So - after a forced restorative phase (three days off training because of a mild strain in my mid-back), I was chomping at the bit to get in some form of lift. With hockey tonight and a heavy lift tomorrow, I didn't want to go into any barbell work - and the local gym doesn't smile on people bringing in their own equipment. I pulled the Jeep out of the carport, and set up my second "home gym" (the chair is to put my feet on during horizontal rows).
|Made sure to do the swings parallel to the antique car parked next to me...|
- 5mins rolling with the Travel Roller™
- 8mins dynamic mobility, using a self-modified version of "Super Joints" (Pavel Tsatsouline)
Set the Gymboss™ timer to 2 minute intervals, then completed the following:
- 10 Kettlebell Swings (16kg Competition Kettlebell - it was too light, but the only one I have at home).
- 8 Push-Ups
- 6 TRX Horizontal Rotational Rows
- 4 Burpees (without a push-up)
- 2 Pistol Squats (per leg, but unloaded, "ass to grass")
I rested for the balance of the 2 minutes, which averaged out to about 50 seconds.

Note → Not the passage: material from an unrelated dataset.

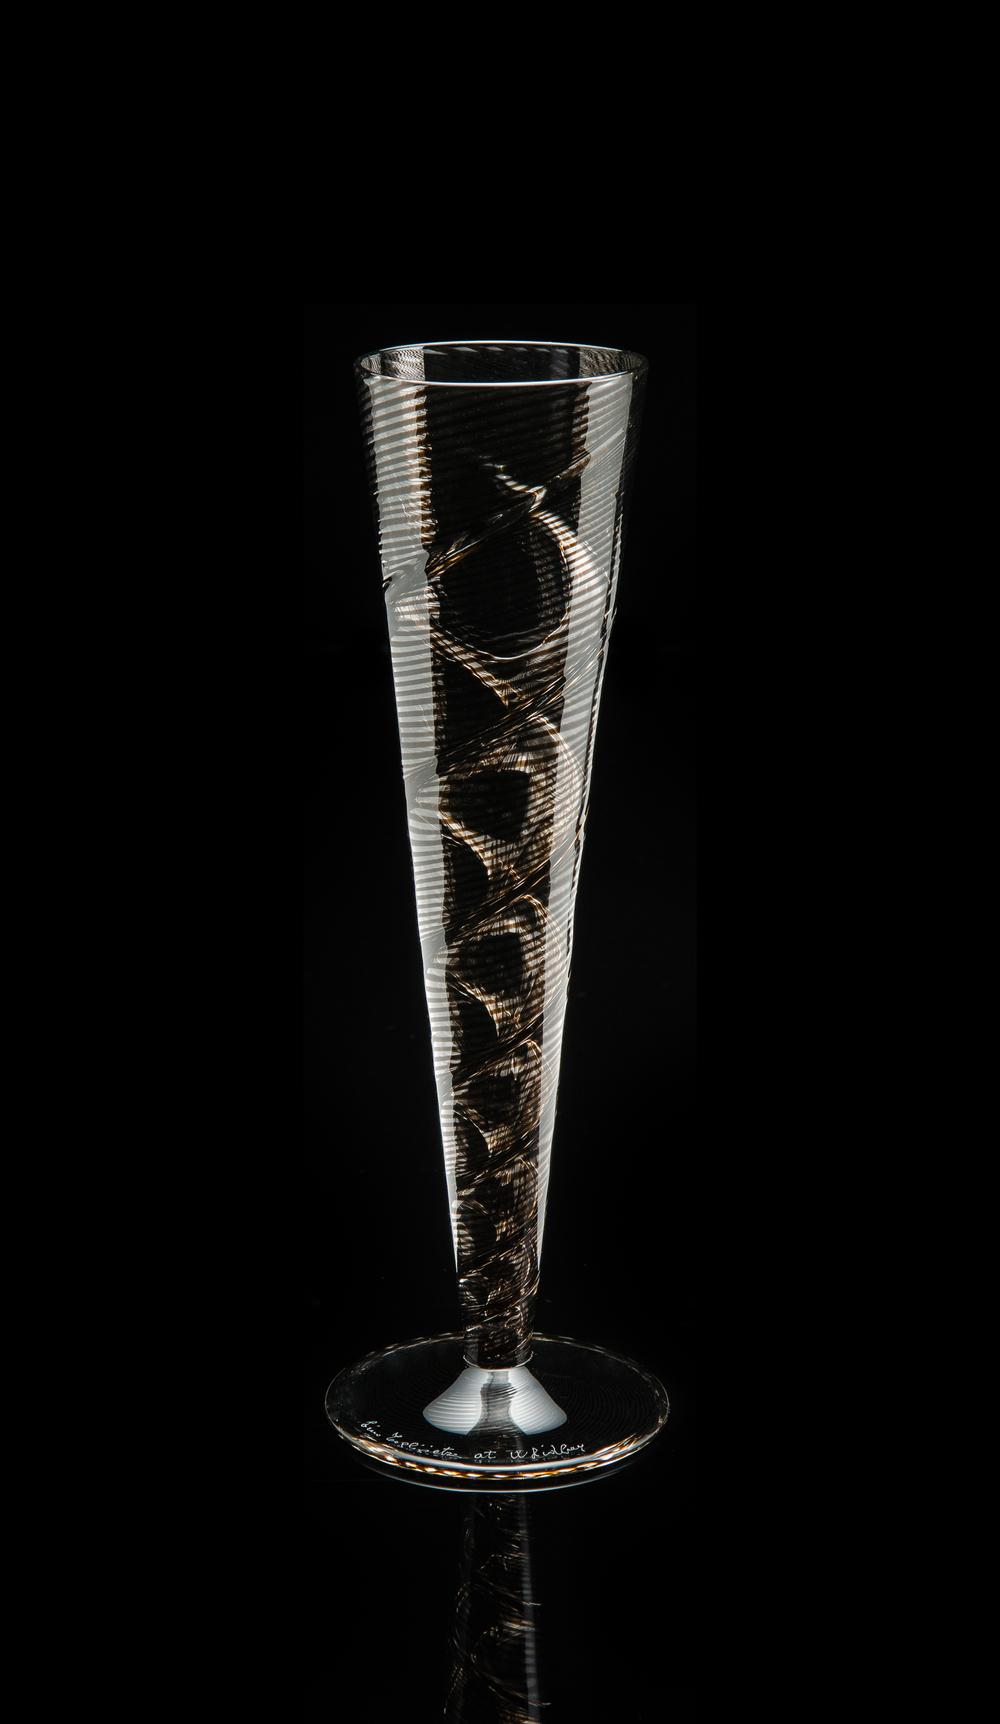 Lino Tagliapietra, Goblet (1991-1994, glass, 9 1/2 x 3 1/4 x 3 1/4inches), LT.71

I did six rounds of this, but it wasn't as metabolically taxing as I was looking for, so changed it up... instead of doing four more rounds (for a planned ten rounds), I doubled up the reps and set the Gymboss™ to 3 minutes.
- 20 Kettlebell Swings
- 16 Push-Ups
- 12 TRX Horizontal Rotational Rows
- 8 Burpees (still without a push-up)
- 4 Pistol Squats (still per leg)
The last two sets were more challenging - if I were to do this again (which I might), I would probably either shorten the length of the intervals in the first set to 90 seconds to complete 10-12 rounds, or do 3-5 rounds of the second set of intervals... I suspect the second workout would be the more challenging of the two.